[Your assignment] Only an exact copy of the lines from the one containing "Ice Palace (DE 6261) - Colorxs Quad Palette" through the last line of the material below belongs in the answer, with no pictures.

[Dataset extract]

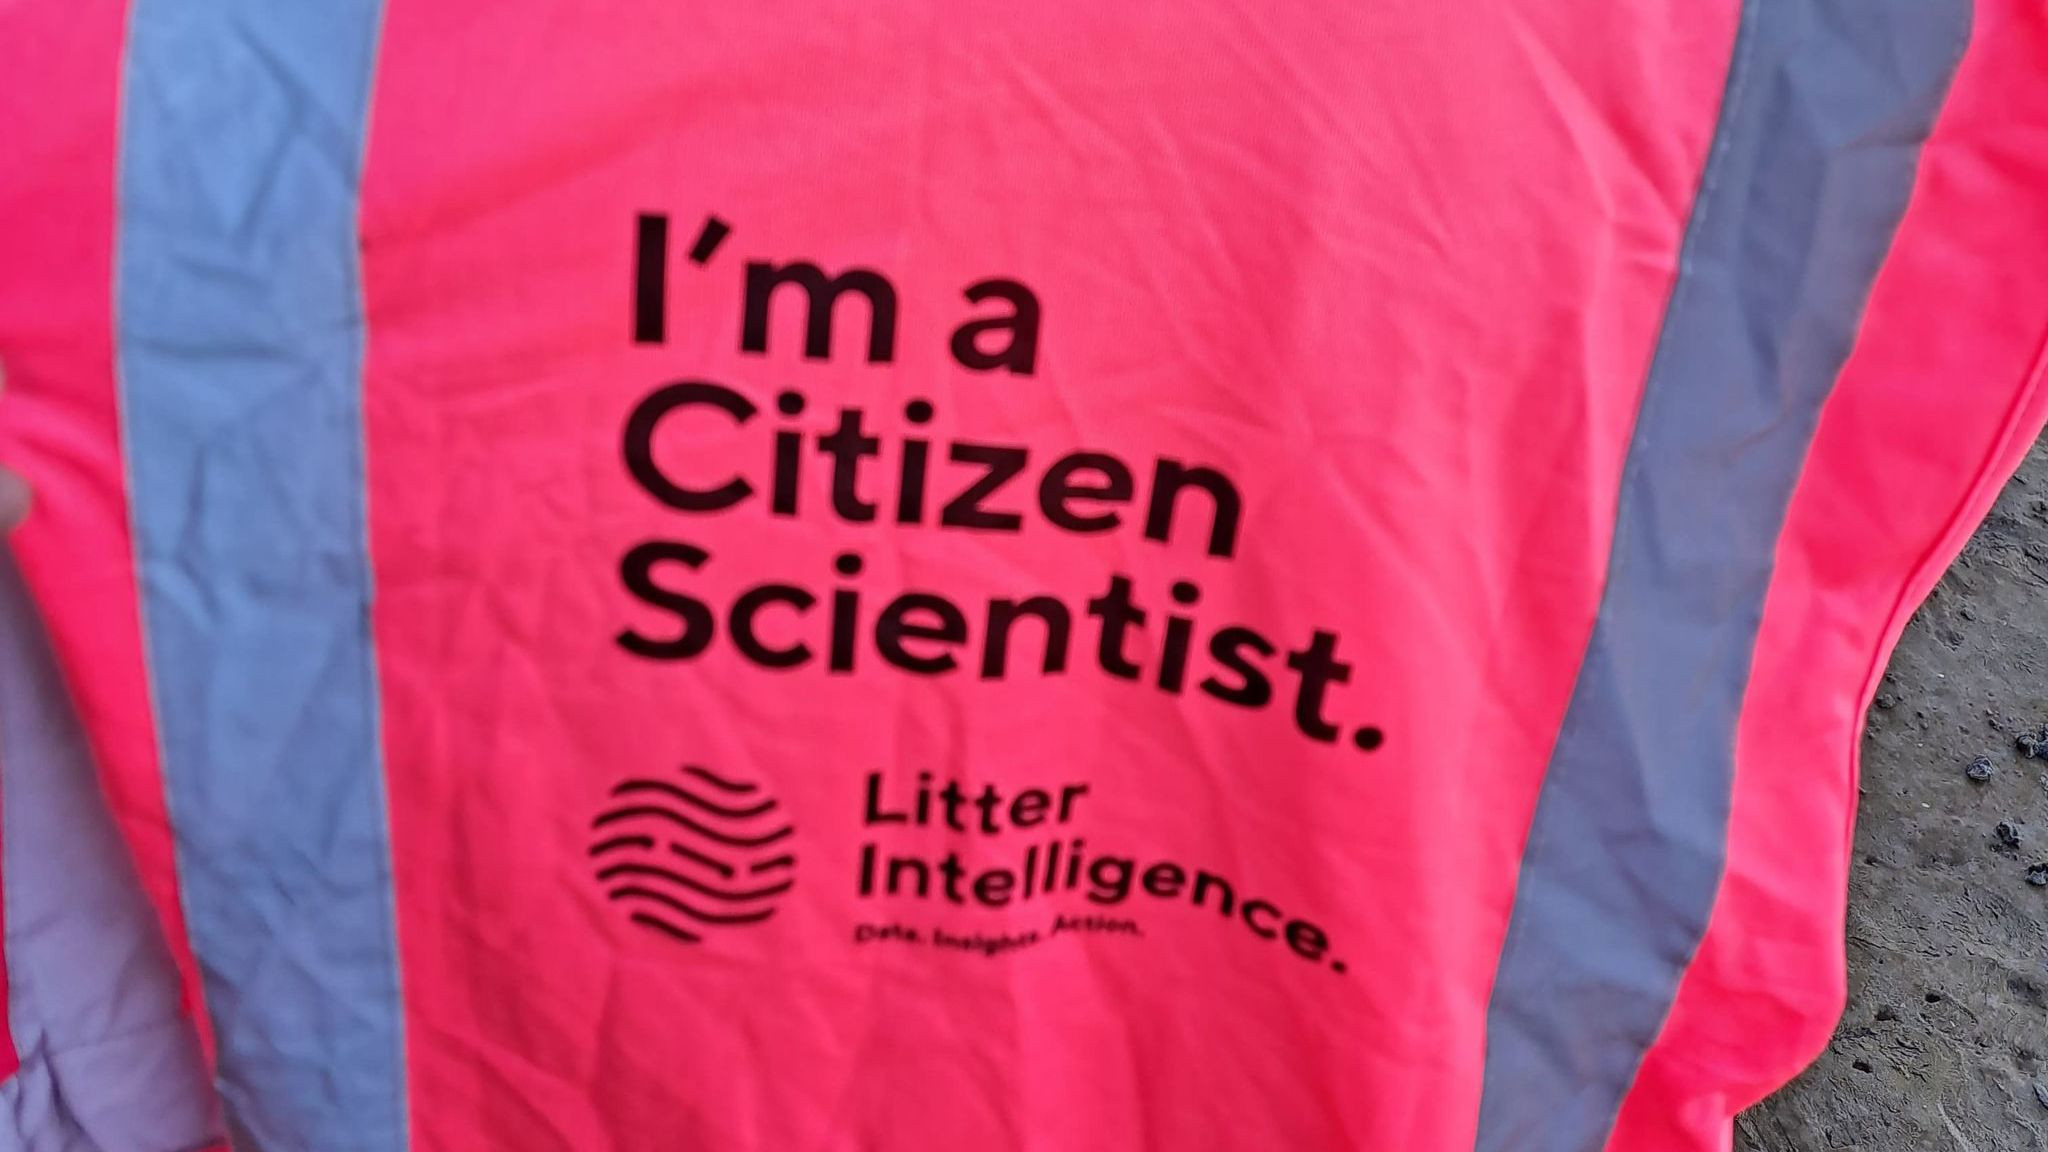 The Litter Intelligence Program
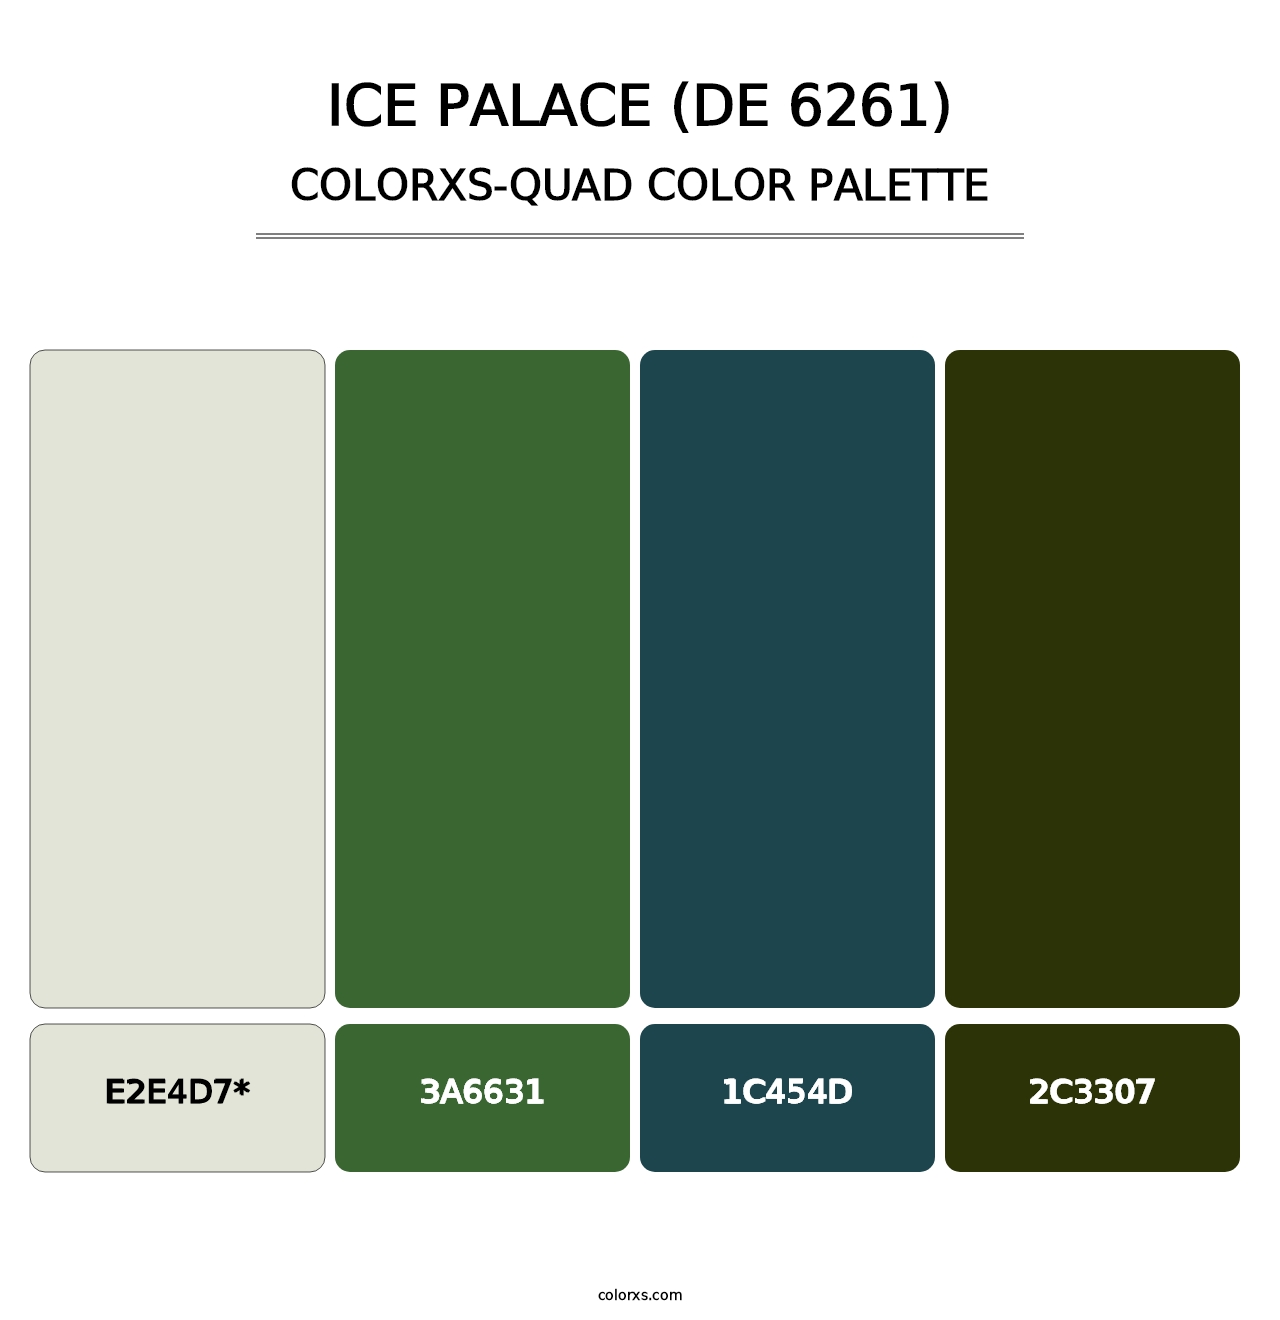 Ice Palace (DE 6261) - Colorxs Quad Palette
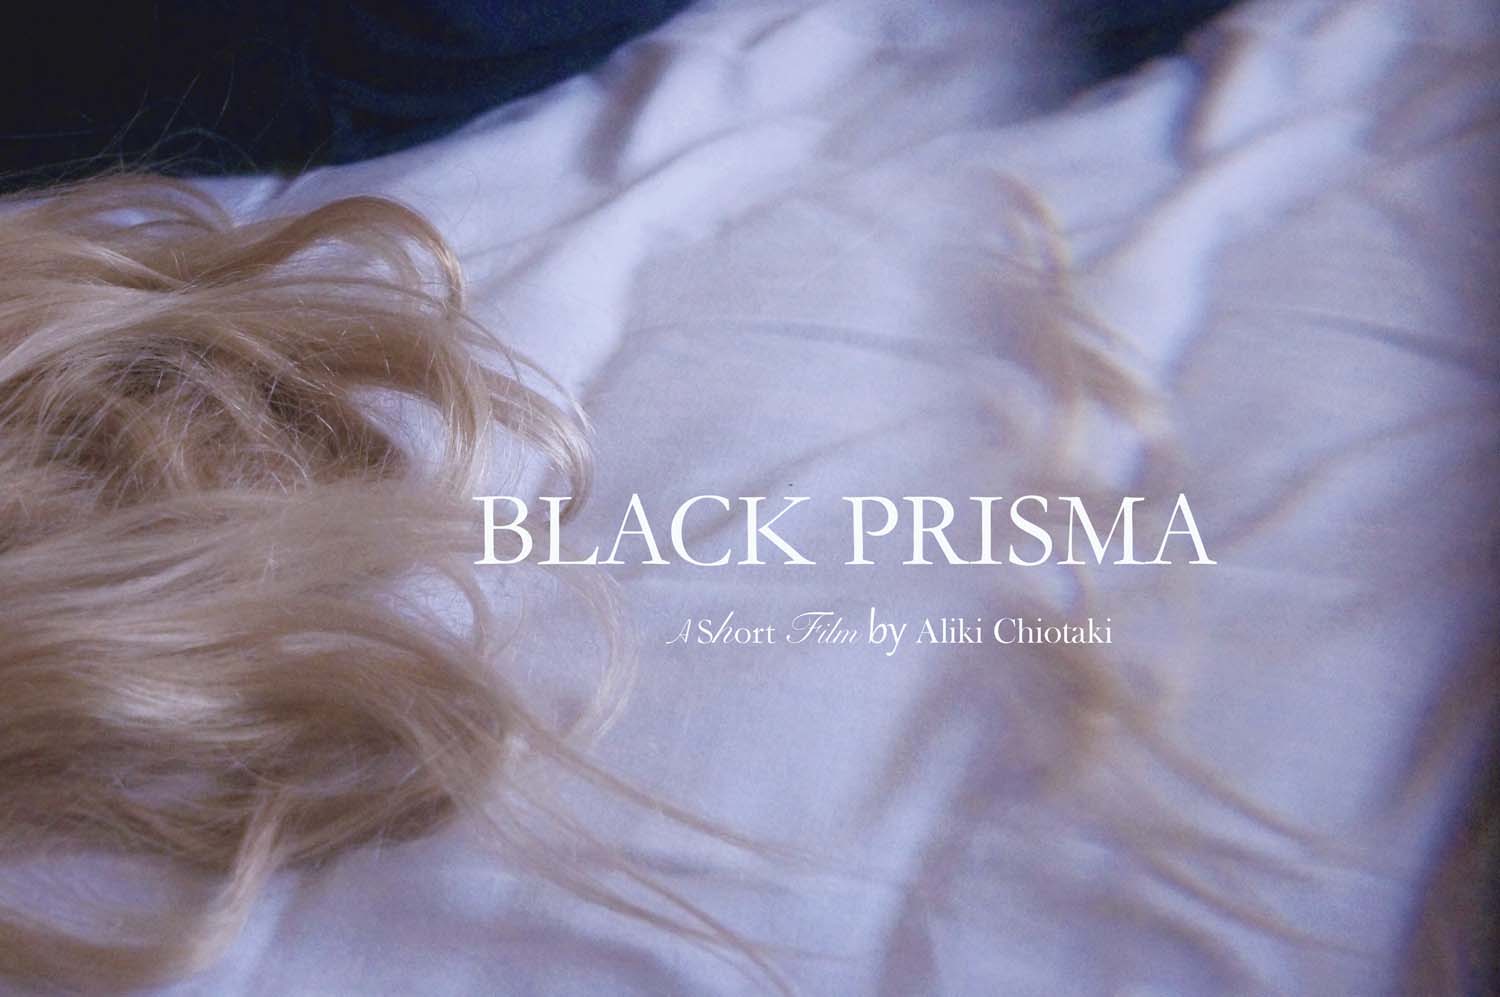 Στο ΚΑΜ η πρεμιέρα της ταινίας “Black Prisma”

[Task solution]
 Ice Palace (DE 6261) - Colorxs Quad Palette
 Στο ΚΑΜ η πρεμιέρα της ταινίας “Black Prisma”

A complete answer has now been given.